An 82-year-old New York man has been charged with running a long-term Ponzi scheme targeted at Catholics, allegedly processing more than $16 million through a false mortgage company.
Clients of the scheme were told their investments went to “high quality residential mortgages” purchased “from bankers at a discount,” a Securities and Exchange Commission (SEC) complaint charges.
On Thursday morning a team of four agents from the U.S. Postal Service and the IRS took Richard S. Piccoli of Williamsville, New York to court, accusing him of using funds from his latest investors to pay off his first investors.
A postal inspector charged Piccoli with mail fraud, saying there was no evidence he bought any mortgages or did any investing at all, the Buffalo News reports. He allegedly paid out monthly interest to his clients, transferring about $600,000 to his personal accounts or to his children.
The SEC in a civil complaint also charged Piccoli and his business Gen-See Capital Corp. with a number of federal offenses. The Commission accused him of selling unregistered securities and is seeking an immediate freeze on his bank accounts, the Buffalo News reports.
“For at least the past decade, Defendants have engaged in a fraudulent Ponzi scheme primarily targeting the elderly and members of the Catholic community,” the SEC complaint reads.
Piccoli guaranteed 7 to 8 percent return on investment and offered Catholic priests as references.
“Unlike the Ups and Downs of the stock market, Gen-See investors earn 7.1 % Annual Interest ... guaranteed no interest fluctuation," one ad read, according to the SEC.
“[O]ur seniors and clergy are absolutely pleased with Gen-See's Re-Investment Program,” marketing materials for the alleged scam read.
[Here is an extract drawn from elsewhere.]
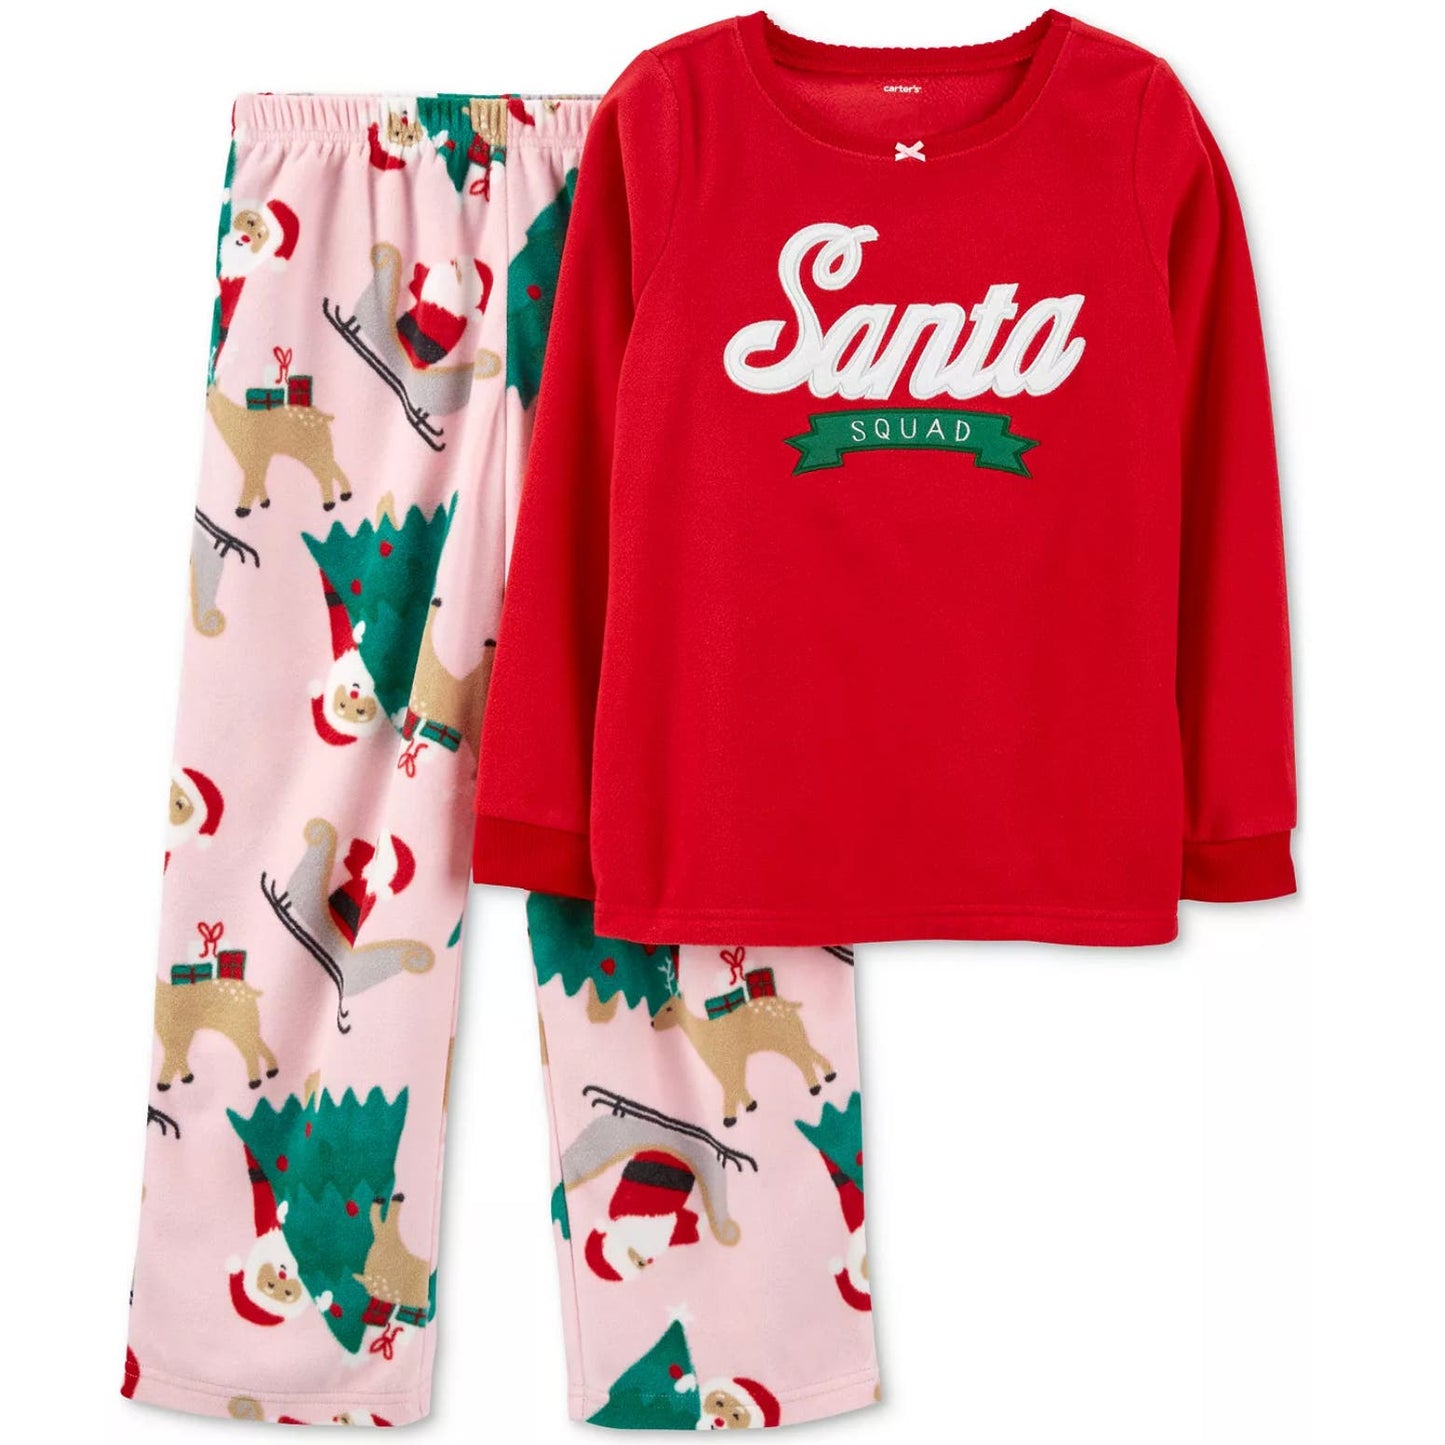 Carters Santa Squad Fleece Pajamas 2 Piece Set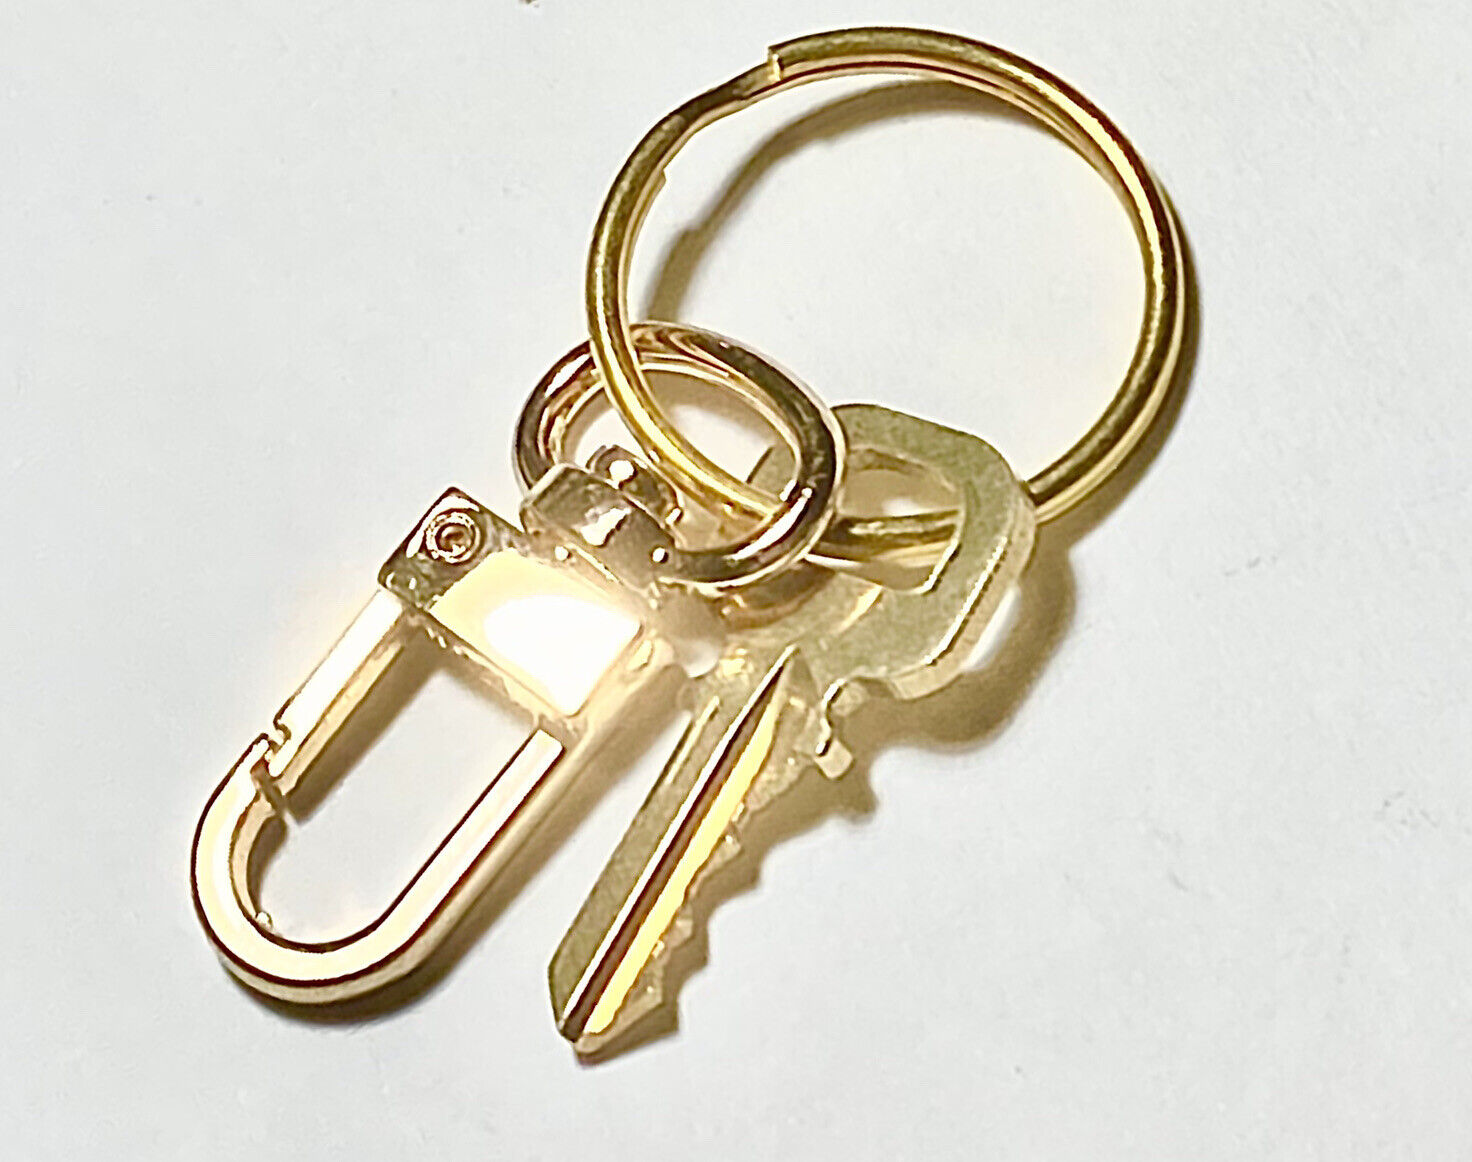 Louis Vuitton Key # 319 Brass Compatible w/ Genuine LV Lock only! - 1 Key

The materials highlight the program’s lack of fees or commissions and investors’ ability to draw a monthly check at any time with 30 days notice.
The program also promised a “significant return on capital.”
Piccoli’s clients included 50 priests in addition to churches, religious orders, and cemetery associations. He reportedly advertised in Catholic newspapers from Buffalo, New York to Anchorage, Alaska and sought clients among his fellow Knights of Columbus.
“He was very Catholic and very pro-church,” said one area priest who invested more than $50,000 in retirement savings with Gen-See told the Buffalo News. “I trusted him, and I thought, ‘Well it’s worth a risk.’”
The Western New York Catholic, the newspaper for the Diocese of Buffalo, ran some of Piccoli’s advertisements.
“Earn More Worry Less,” an October ad read, the Buffalo News says. “Your Money Deserves the Best! Gen-See Makes The Difference.”
Kevin Keenan, a spokesman for the diocese, told CNA that no diocesan funds were invested with Piccoli.
Keenan said Piccoli had run his ads in the Western New York Catholic, but no customers had complained to the paper. He added it would be unfortunate should Piccoli be proven to have used the newspaper to find customers to defraud.
“It’s a quality newspaper, and we pride ourselves on having quality advertisers,” he said to the Buffalo News.
When CNA contacted Keenan on Friday, he said that he had conversed with Piccoli’s “shocked” clients.
“They trusted him and in some cases he was close friends with these investors, they certainly feel that that trust has been violated and they think he took advantage of their friendship,” he said.
Keenan reiterated that no money from Buffalo’s diocesan foundation was involved in the investments.
“A couple of our parishes had invested with him,” he explained, adding that “several” active and retired priests had also been victimized by the alleged Ponzi scheme.
However, the extent of their financial losses is still unknown, Keenan told CNA.
According to the Buffalo News, the SEC complaint seems to indicate that no one has yet lost any money, stating that, since January 2007, Piccoli and Gen-See Capital Corp. received more than $16 million and paid out “approximately the same amount.”
U.S. Magistrate Judge Jeremiah J. McCarthy released Piccoli without bail, until his arraignment on Tuesday. Piccoli said he intended to hire a lawyer.
Postal inspectors and the SEC reportedly want to hear from Piccoli’s investors in the hope of returning remaining funds.
“We want to talk to as many investors as possible to further investigate the case and, hopefully, to try and help them get their money back,” Williams said.